(Information given)
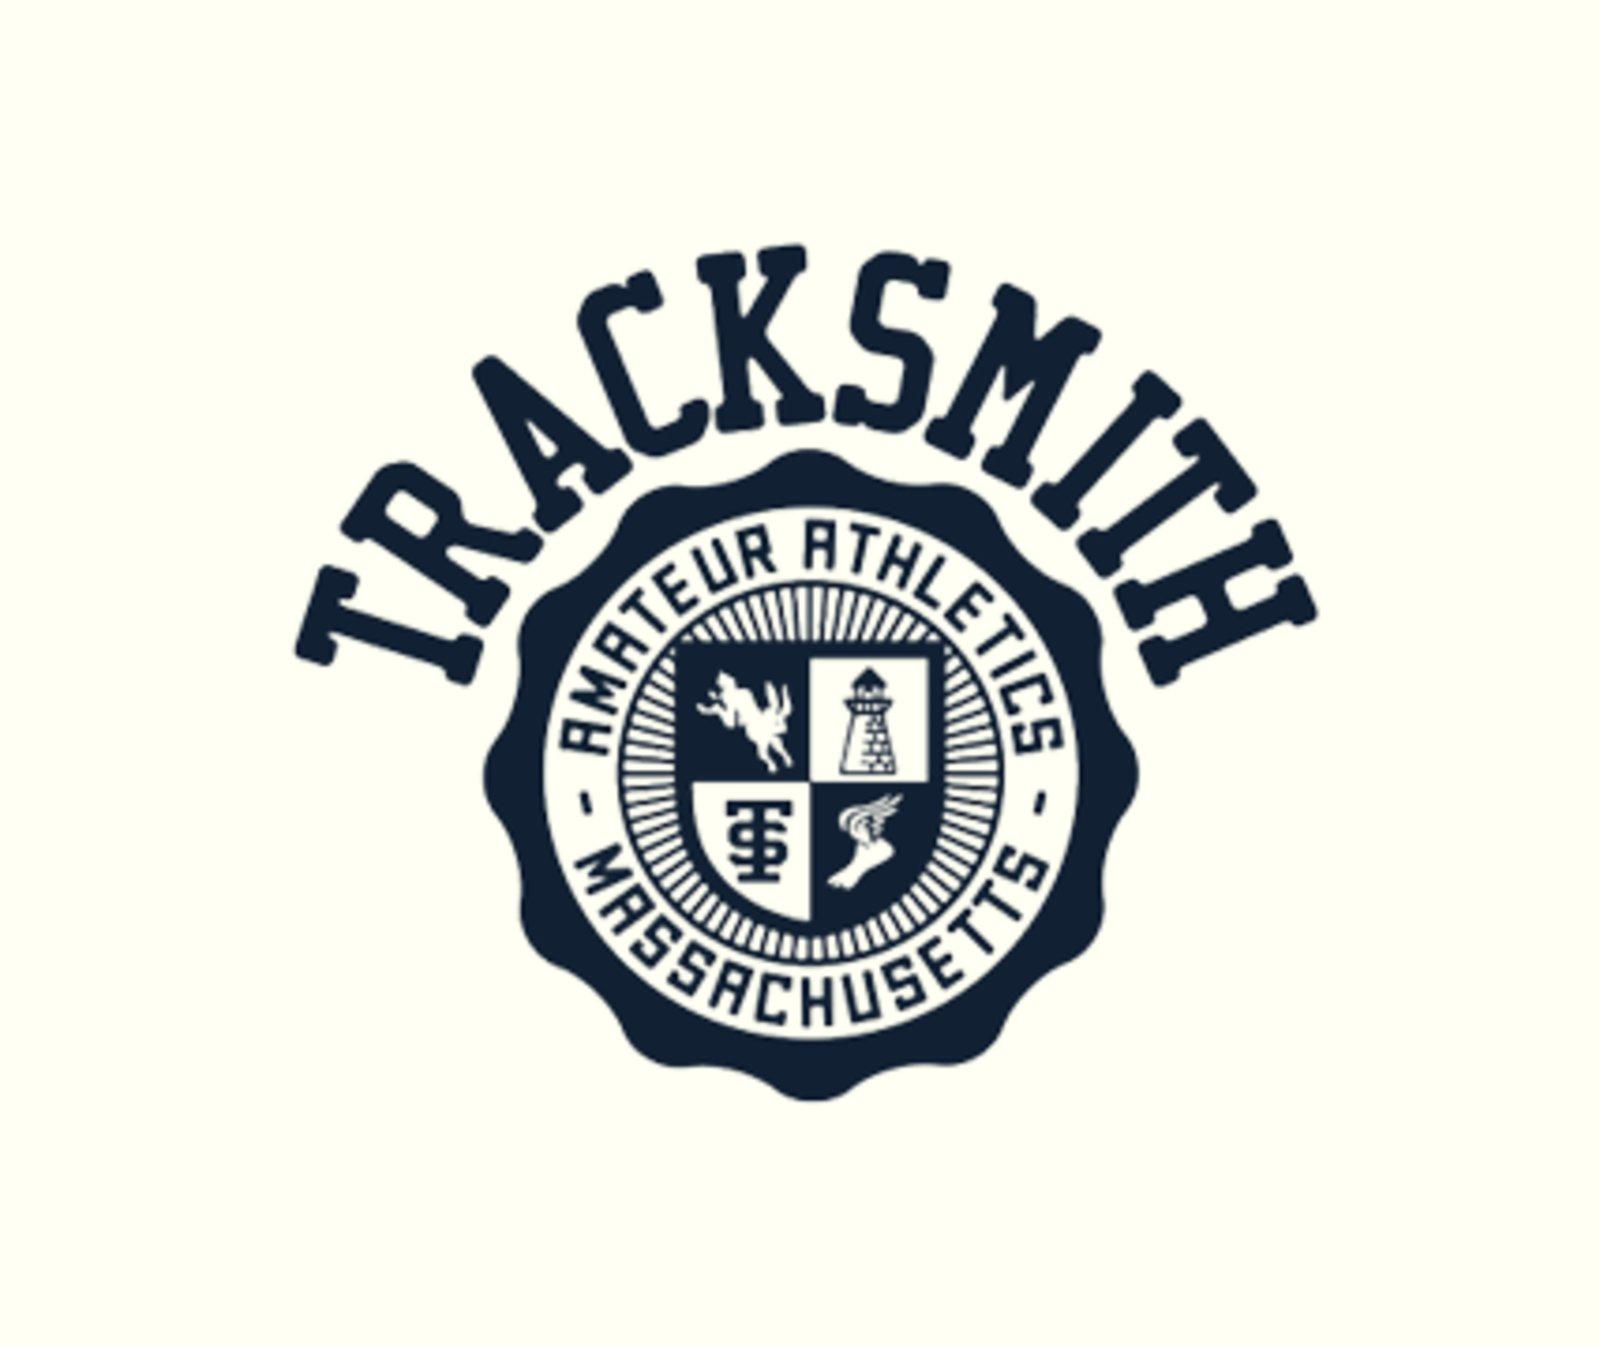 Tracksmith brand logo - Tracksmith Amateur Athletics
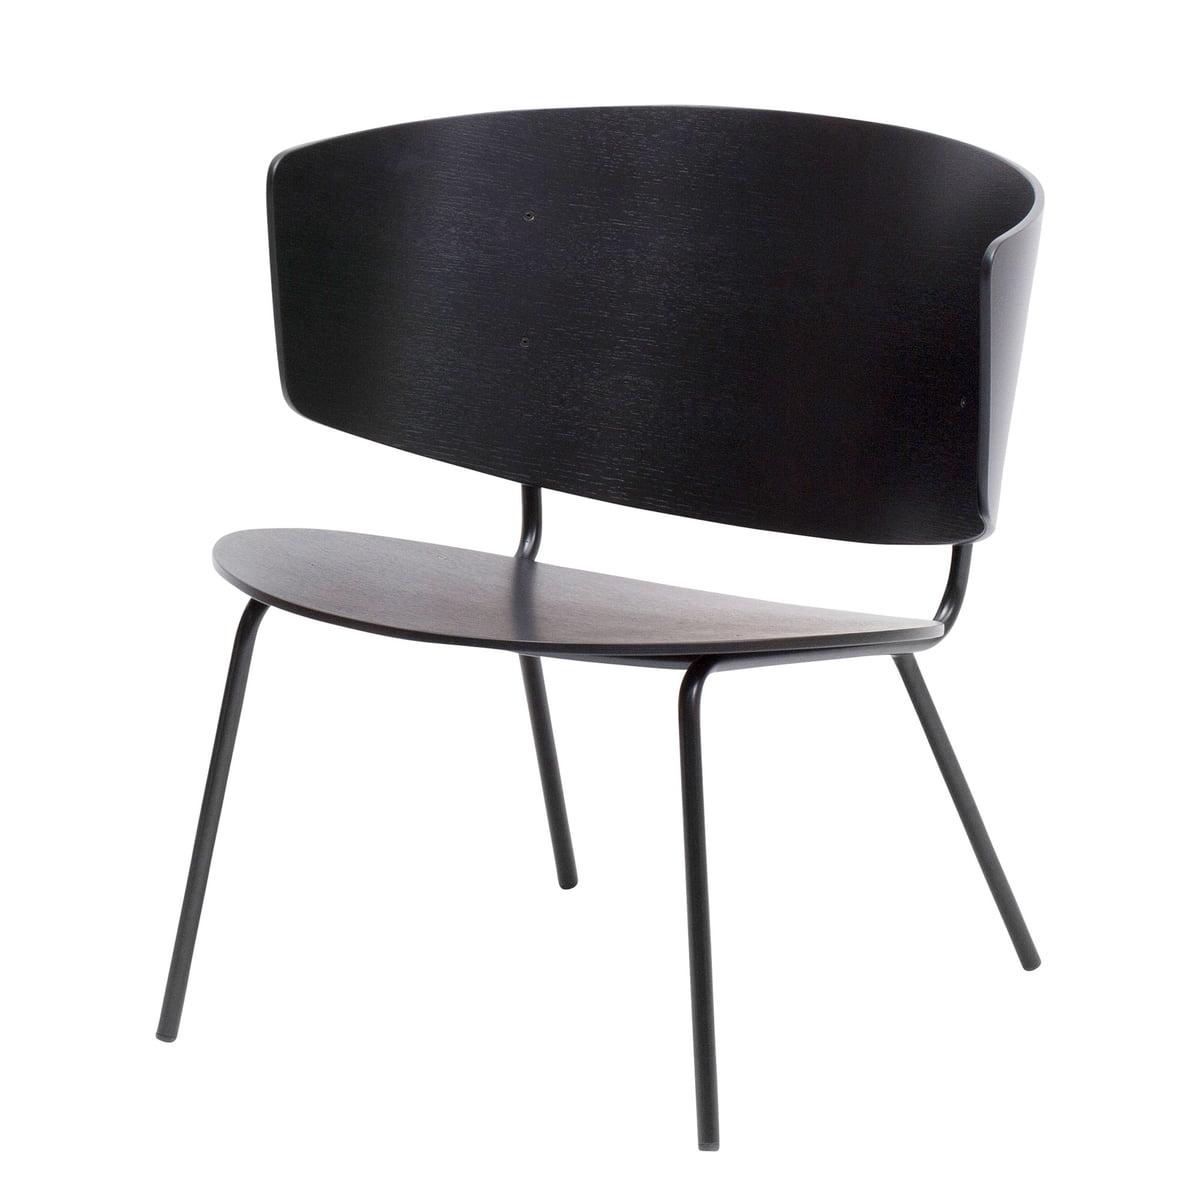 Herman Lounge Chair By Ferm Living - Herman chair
(End Information given)
(Information given)
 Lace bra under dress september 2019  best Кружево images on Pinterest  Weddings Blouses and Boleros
(End Information given)
- Task item: Exactly the lines starting at the one above with "Tracksmith brand logo" and ending at the one with "Herman Lounge Chair" should be printed, and nothing else. Omit the pictures.

- Expected answer:
 Tracksmith brand logo - Tracksmith Amateur Athletics
 Herman Lounge Chair By Ferm Living - Herman chair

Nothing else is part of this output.